**Given material**
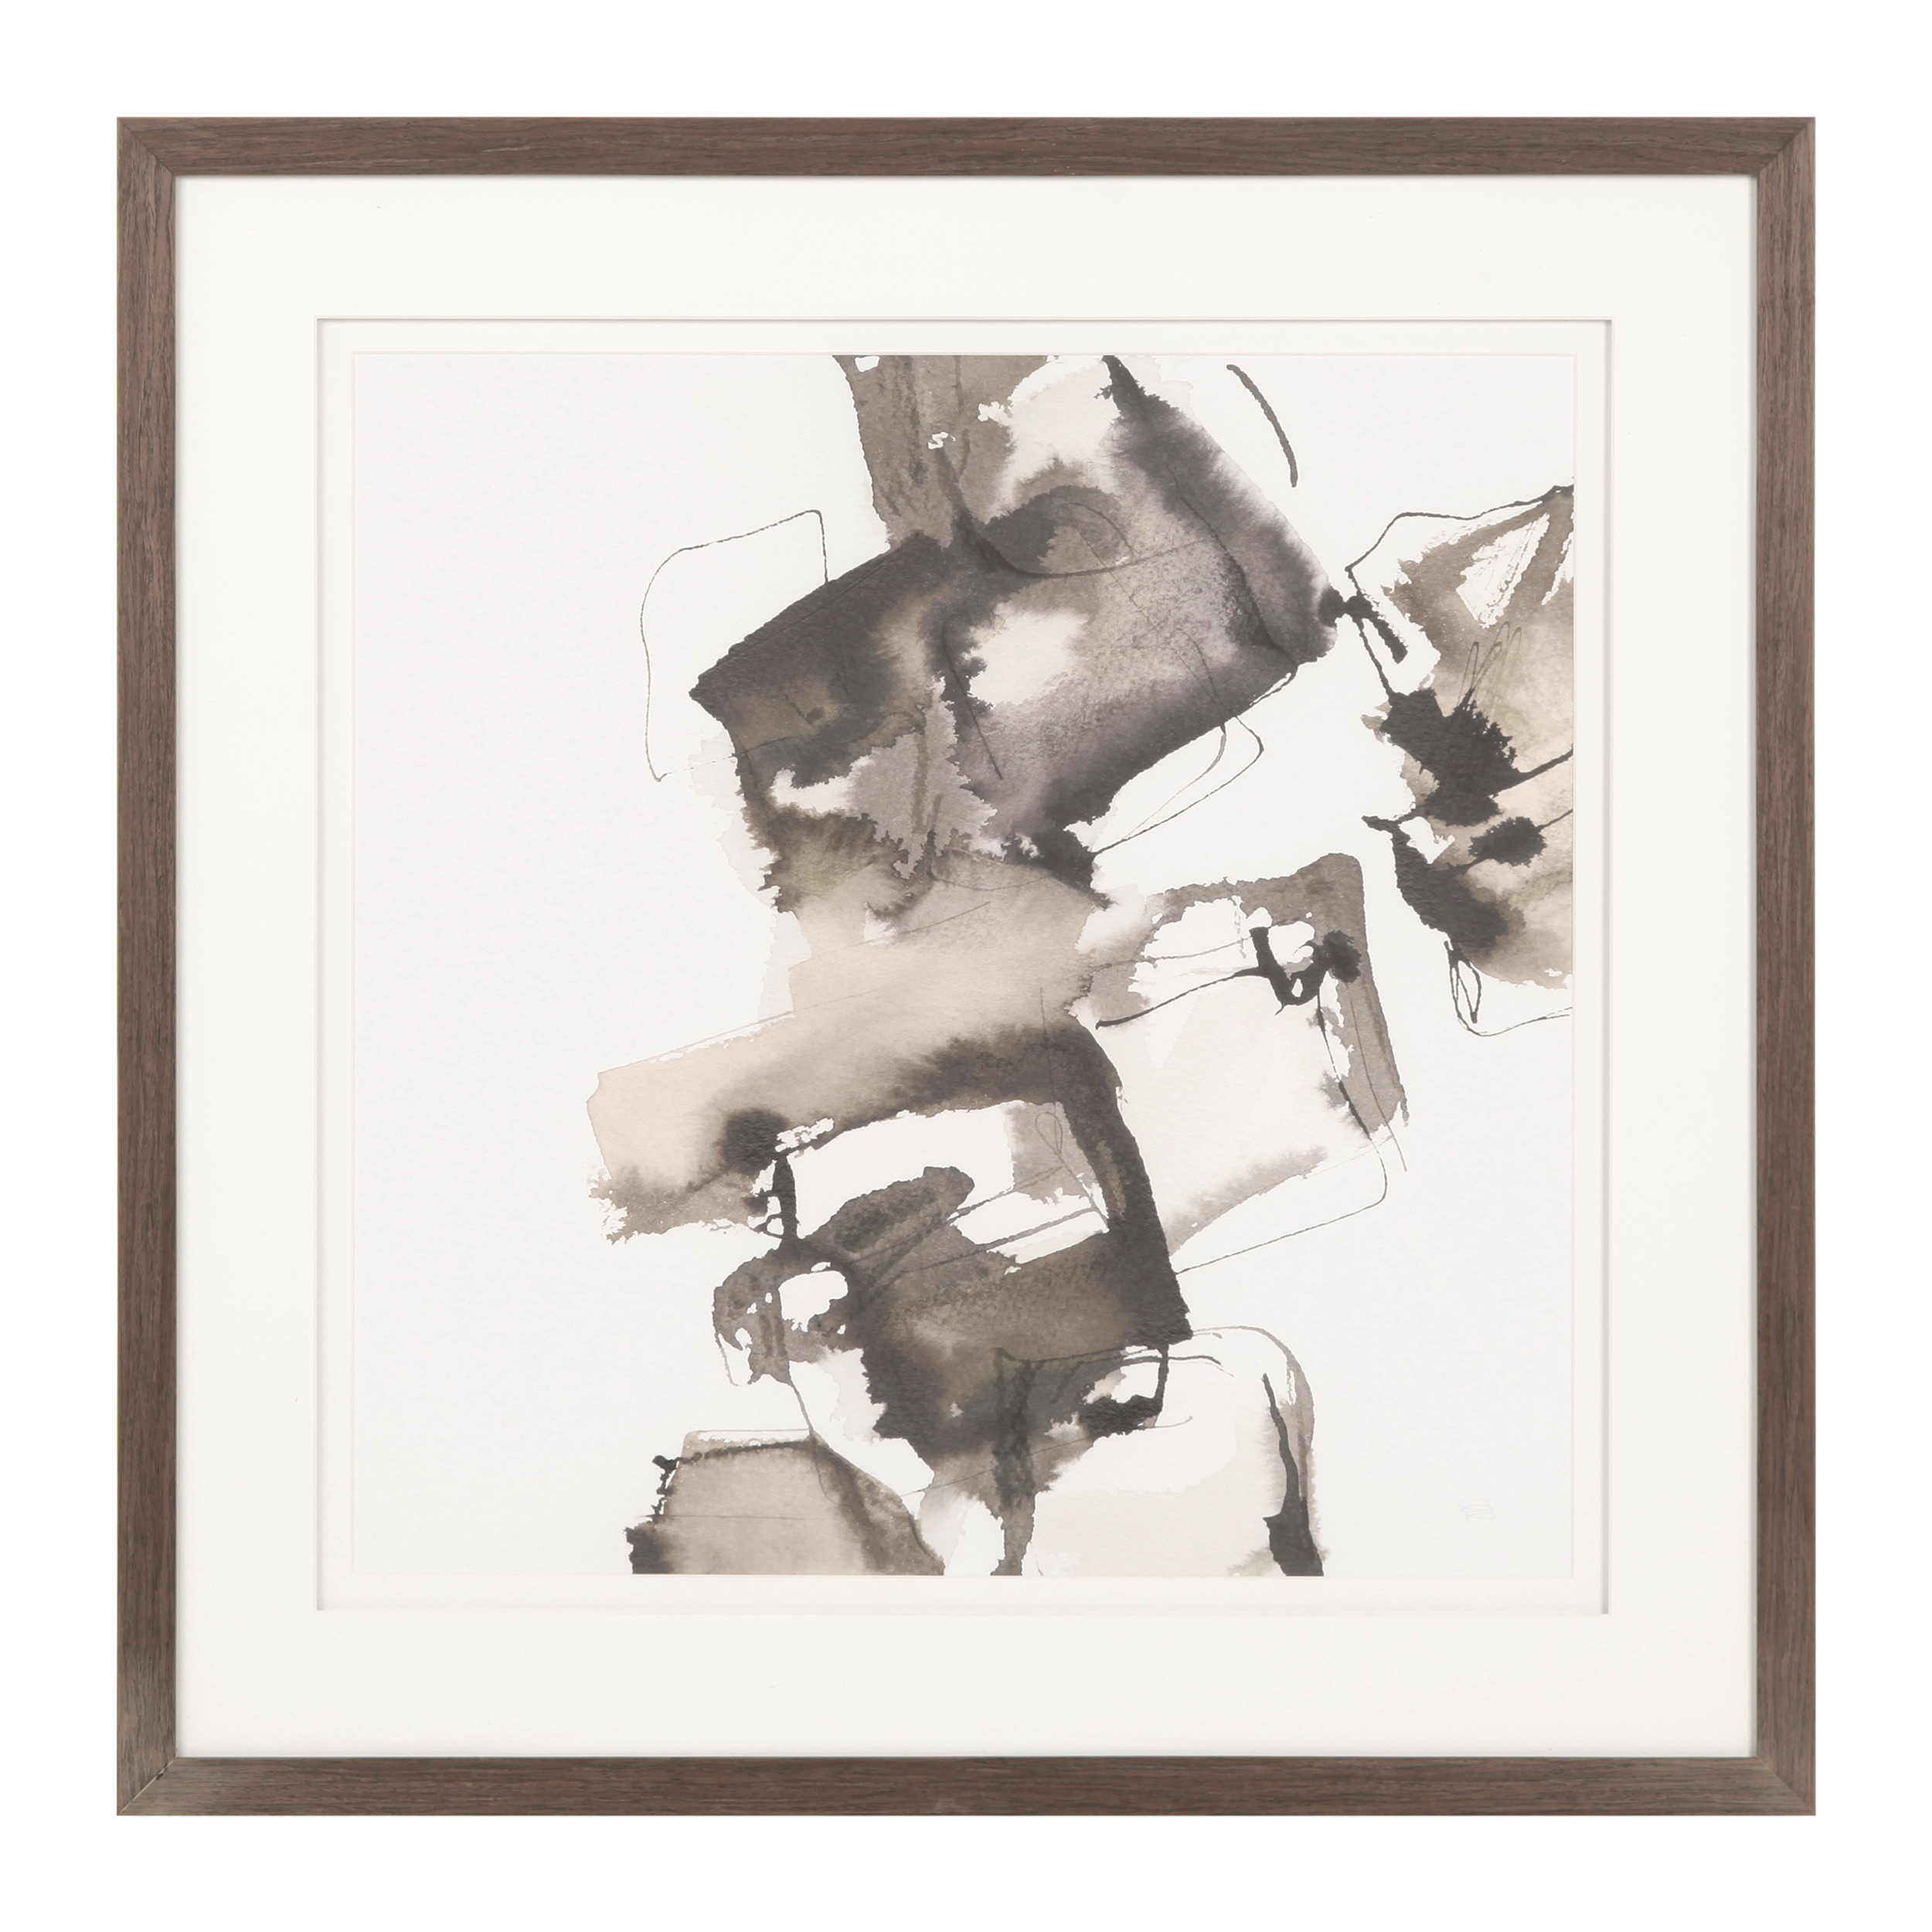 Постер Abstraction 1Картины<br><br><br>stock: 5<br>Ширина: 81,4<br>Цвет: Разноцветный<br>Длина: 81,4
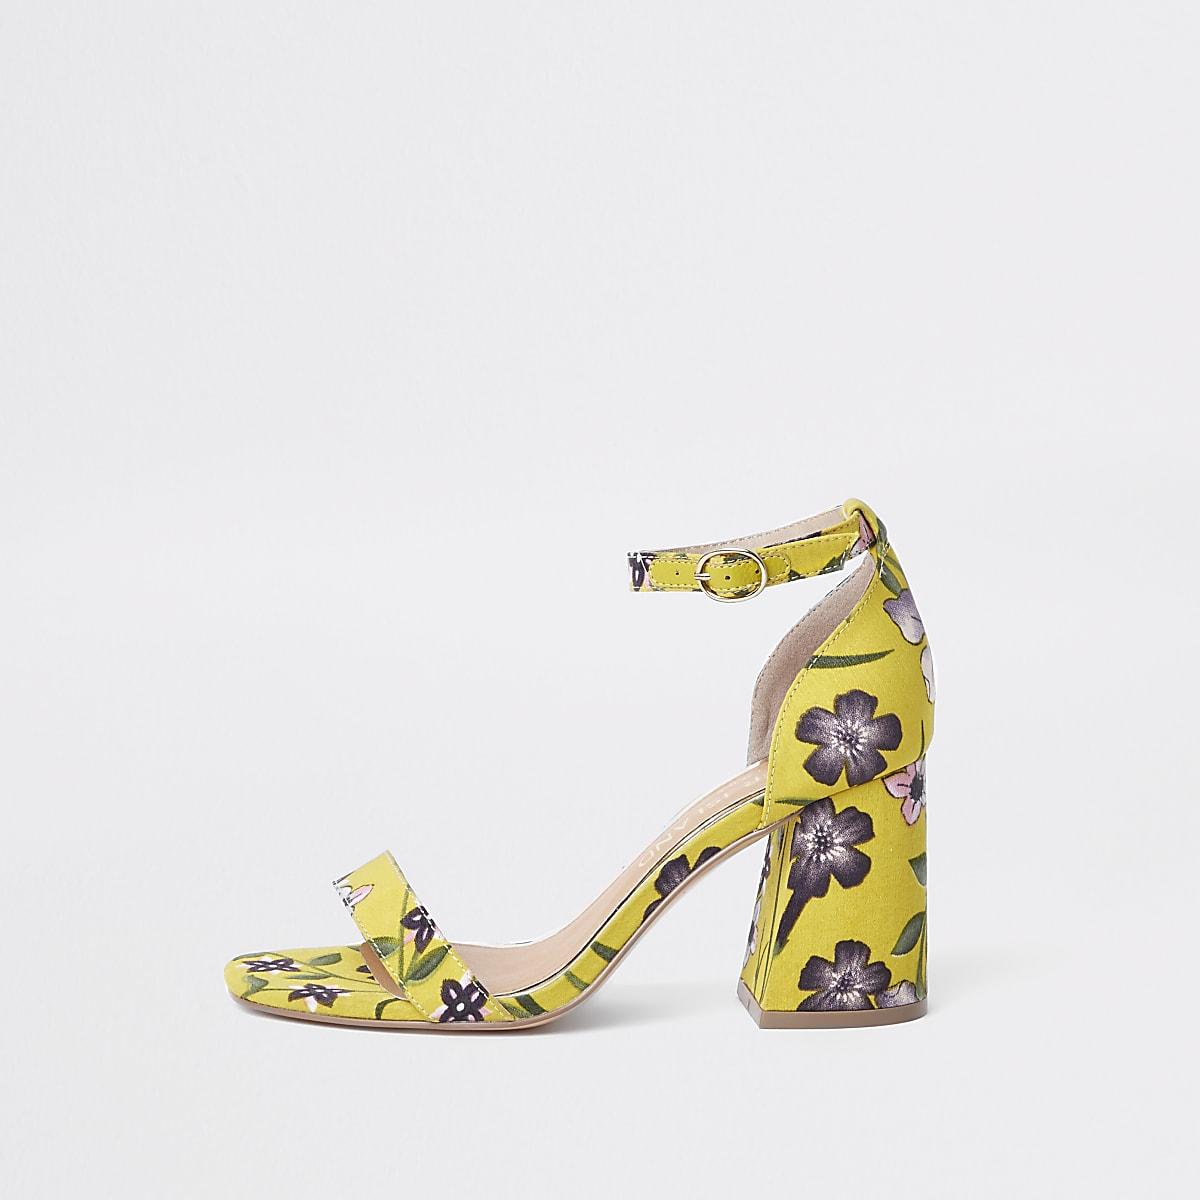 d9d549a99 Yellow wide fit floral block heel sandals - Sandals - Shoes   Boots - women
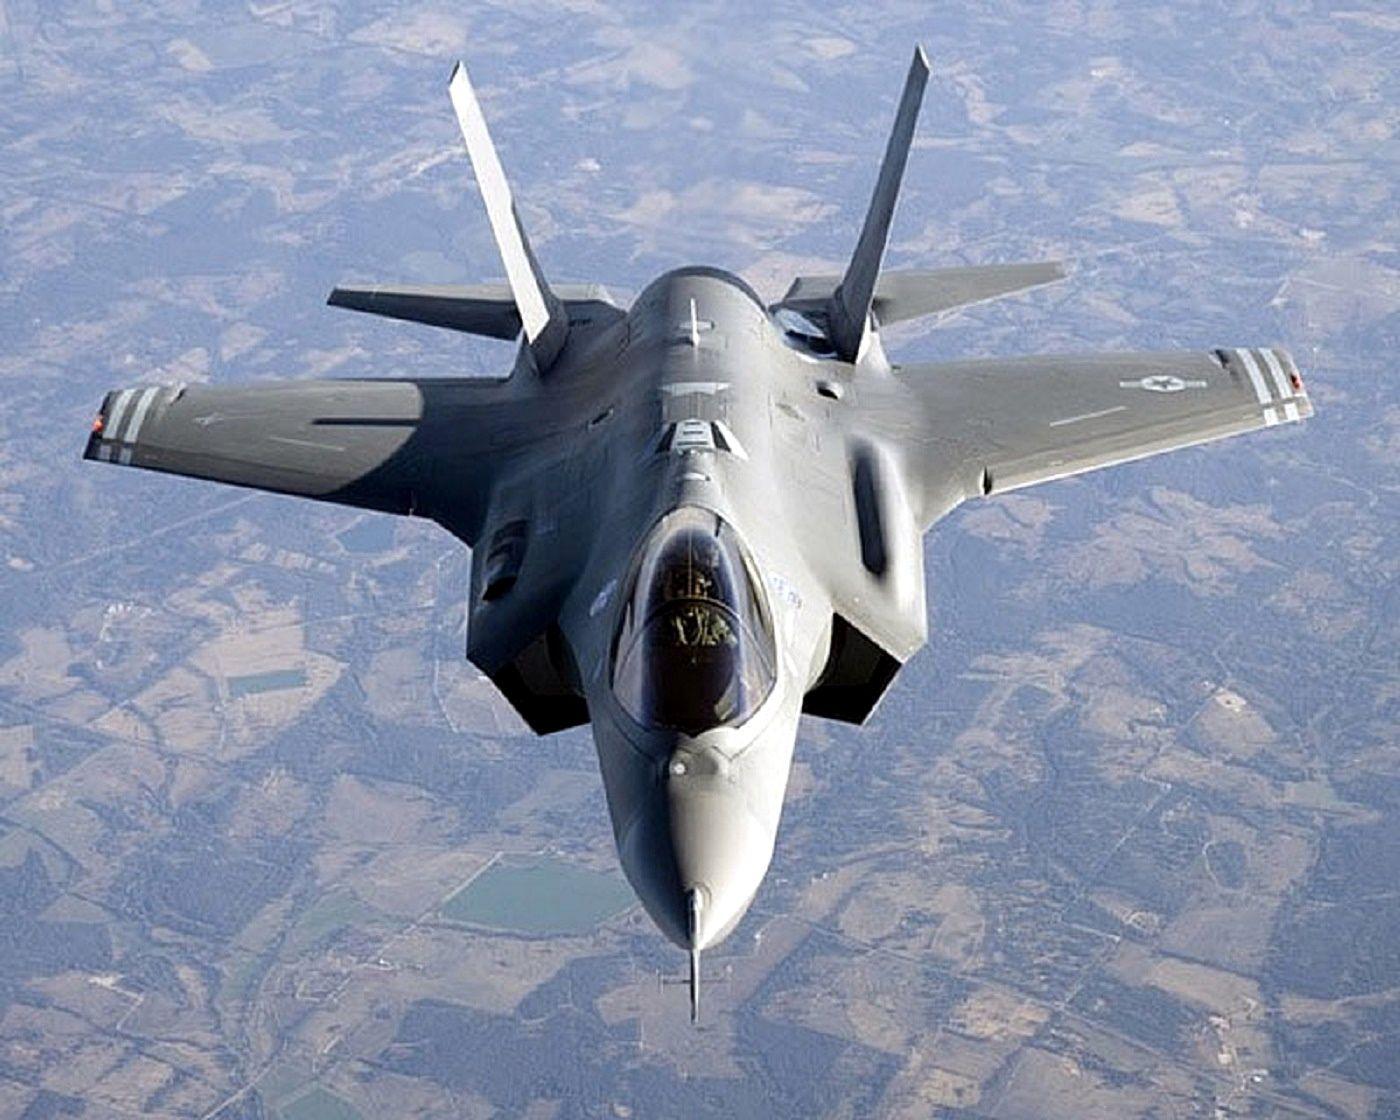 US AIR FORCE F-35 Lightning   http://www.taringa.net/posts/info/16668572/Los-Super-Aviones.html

**What you should do**
Give the preceding data back exactly, minus every picture.

**Result of this task**
 Постер Abstraction 1Картины<br><br><br>stock: 5<br>Ширина: 81,4<br>Цвет: Разноцветный<br>Длина: 81,4
 d9d549a99 Yellow wide fit floral block heel sandals - Sandals - Shoes   Boots - women
 US AIR FORCE F-35 Lightning   http://www.taringa.net/posts/info/16668572/Los-Super-Aviones.html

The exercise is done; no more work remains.